So, we take this one-photon state and let it pass through a double slit setup and let it fall on a CCD detector. According to you, after passing the slits the photon's electromagnetic wave diverges, so that it covers the whole detector area. You also say that there is a non-zero probability that more than one pixel will catch a signal. Is this what you're saying?

On the other hand, my claim is that no more than one pixel will "click". Photon is a particle that cannot be split in smaller pieces.

I don't know experiments performed exactly in this way, but I'll try to look for them. Only one of us can be correct. Hopefully, we can resolve this contradiction peacefully, without engaging in rearguard skirmishes.

Eugene.

 

[meopemuk]

In an atom interferometer, you have a diluted atom field in the form of a high-frequency beam, which moves through the splits like any other field, and expands behind the slits as a superposition of two spherical waves. Then it reaches the screen and causes some detectors to fire, with probability rates proportional to the incident field energy.

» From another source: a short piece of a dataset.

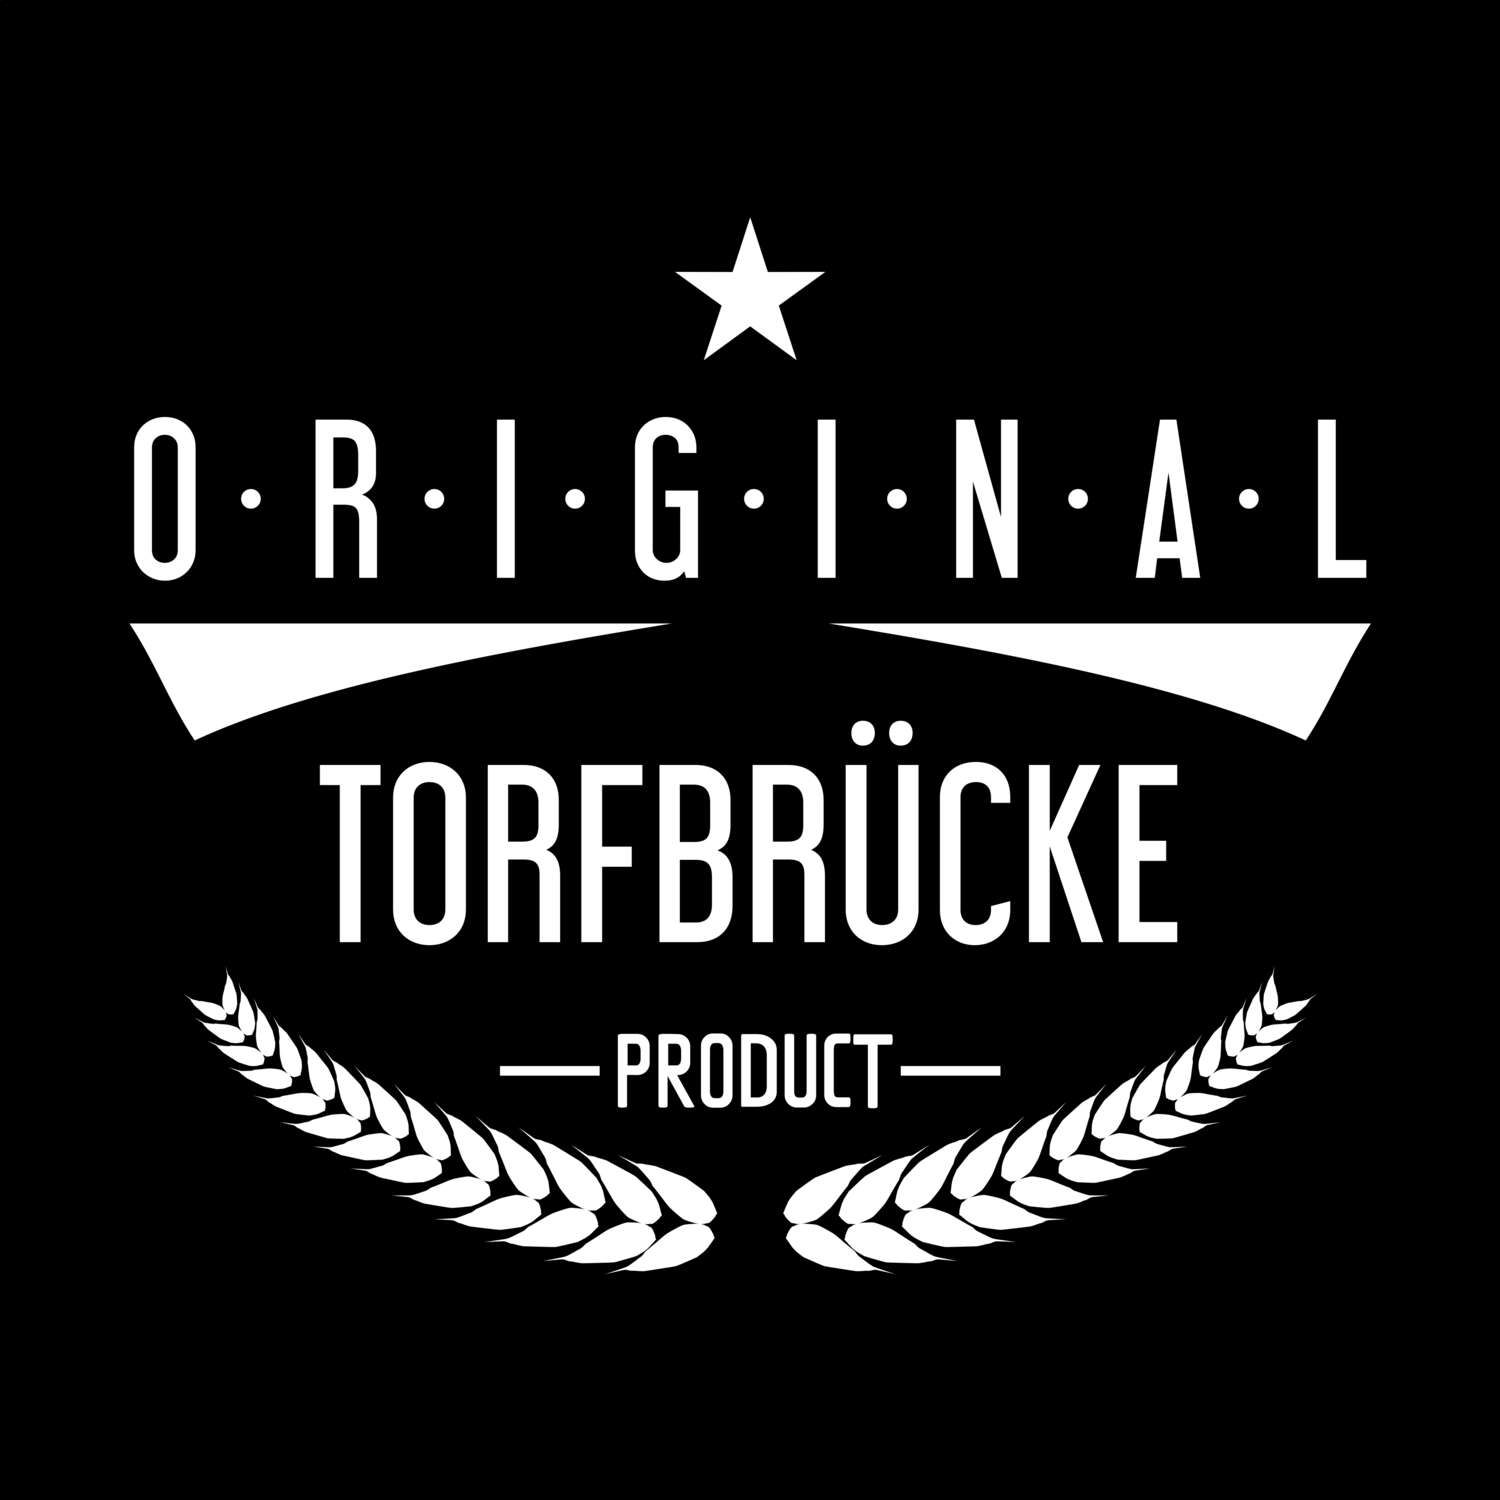 Torfbrücke T-Shirt »Original Product«

This is precisely the same as what happens with the photon field; except that the internal degrees of freedom of atoms and photons are different. (But these are not relevant in a standard double slit experiment)

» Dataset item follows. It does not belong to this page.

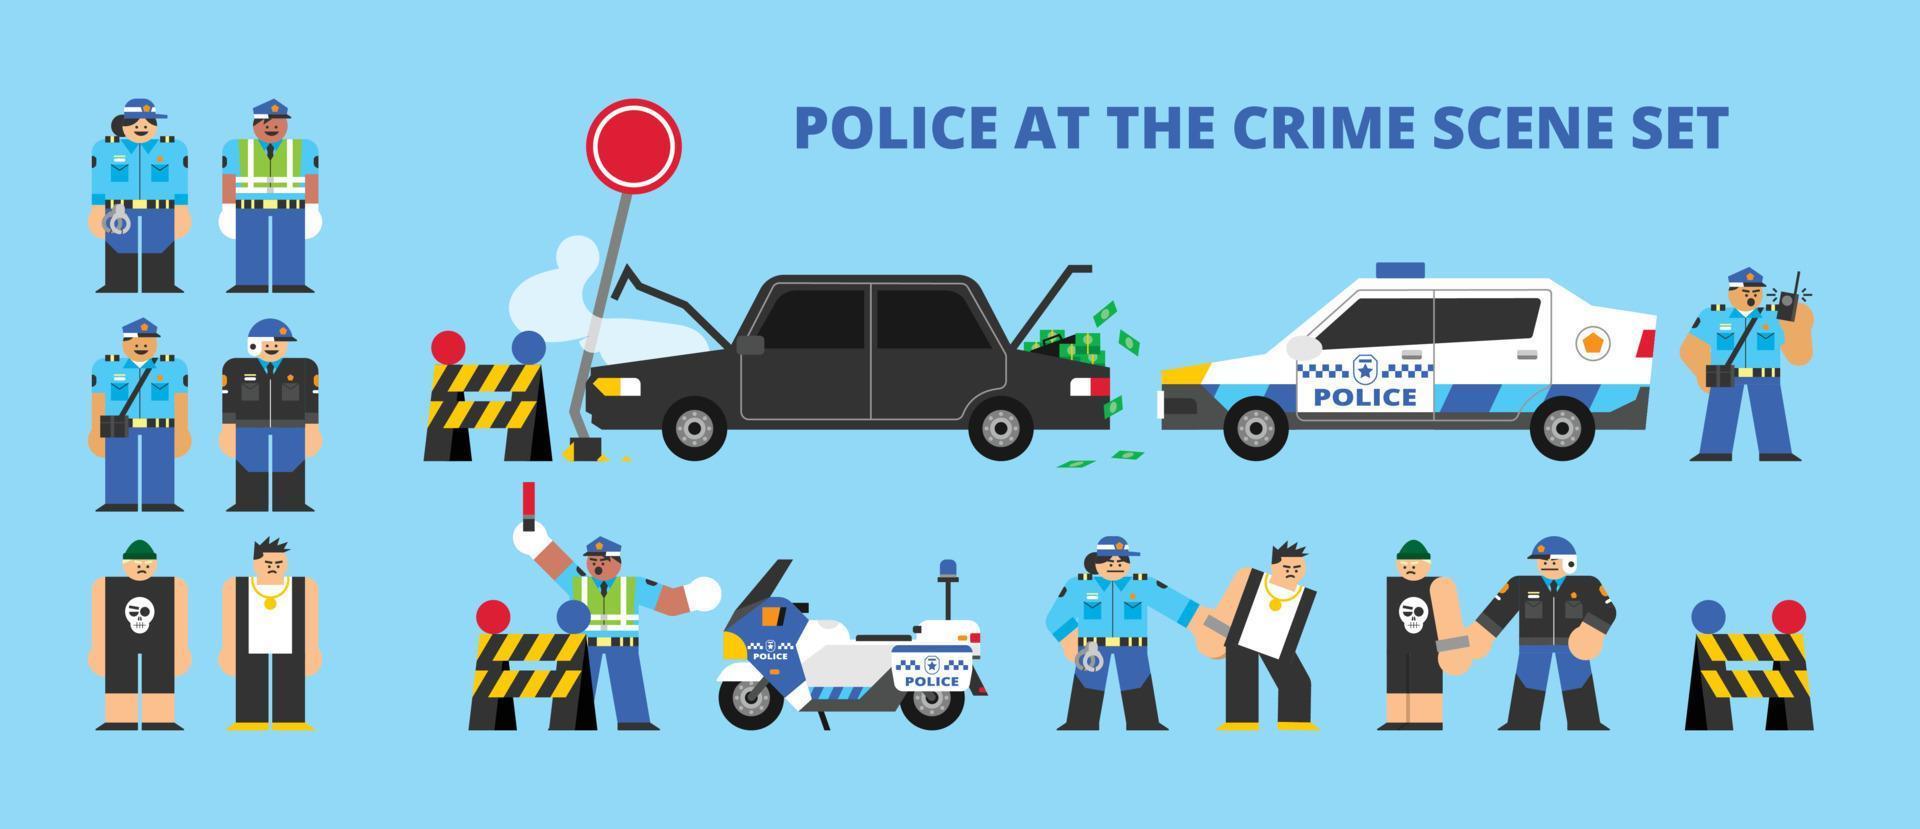 Police at the Crime Scene Set Flat Design Character Illustration vector

Instead of using detectors, which respond to the "field energy", I can simply allow the atoms to be deposited on the screen/substrate. So that over time thicker atomic layers grow in regions of constructive interference and there is less stuff deposited in the regions of descructive interference. How would you then deny that each atom passed through the slits landed at a very specific point on the substrate? So, atoms behave exactly as individual particles. The only thing that behaves continuously in this case is the probability density for each atom to land at a specific point. This probability density is obtained from the regular one-particle quantum mechanical wave function. There is no need to invoke fields, either classical or quantum.

Eugene.

 

[A. Neumaier]

Can we then agree that single photon states can be prepared, at least in principle?

The standard field interpretation of QED doesn't depend on this. The states commonly prepared by Nature or by physicists are far from single photon states. Usually they are coherent states or squeezed states, or entangled tensor products of such states.

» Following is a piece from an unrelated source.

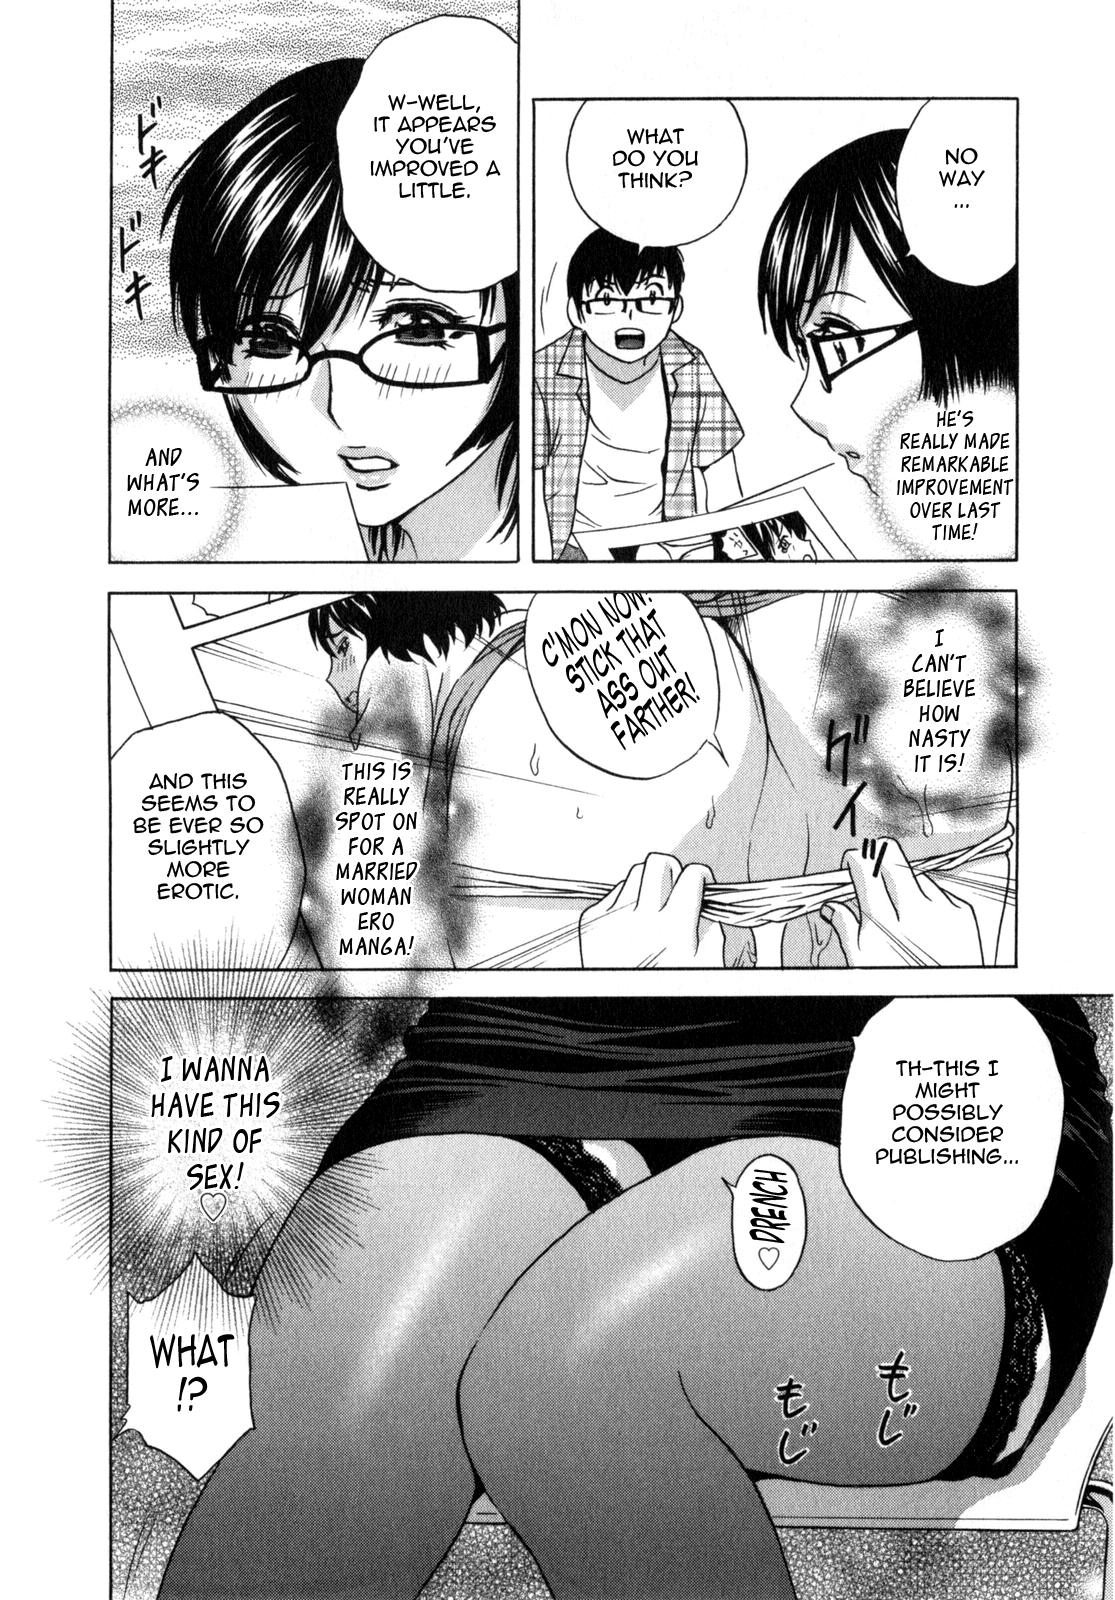 [Hidemaru] Life with Married Women Just Like a Manga 1 - Ch. 1-9 [English] {Tadanohito} 109

The best I know is that it is possible to create mixtures of superpositions of the vacuum state and 1-photon states in the sense of my lecture http://arnold-neumaier.at/ms/lightslides.pdf

So, we take this one-photon state and let it pass through a double slit setup and let it fall on a CCD detector. According to you, after passing the slits the photon's electromagnetic wave diverges, so that it covers the whole detector area. You also say that there is a non-zero probability that more than one pixel will catch a signal. Is this what you're saying?

No. Given a mixture of superpositions of the vacuum state and 1-photon states, there is a nonzero probability for recording some event, while the probability for more than one event is exactly zero. This can be deduced from the estimate in M&W (14.8-16).

On the other hand, my claim is that no more than one pixel will "click".

Here we agree.

Photon is a particle that cannot be split in smaller pieces.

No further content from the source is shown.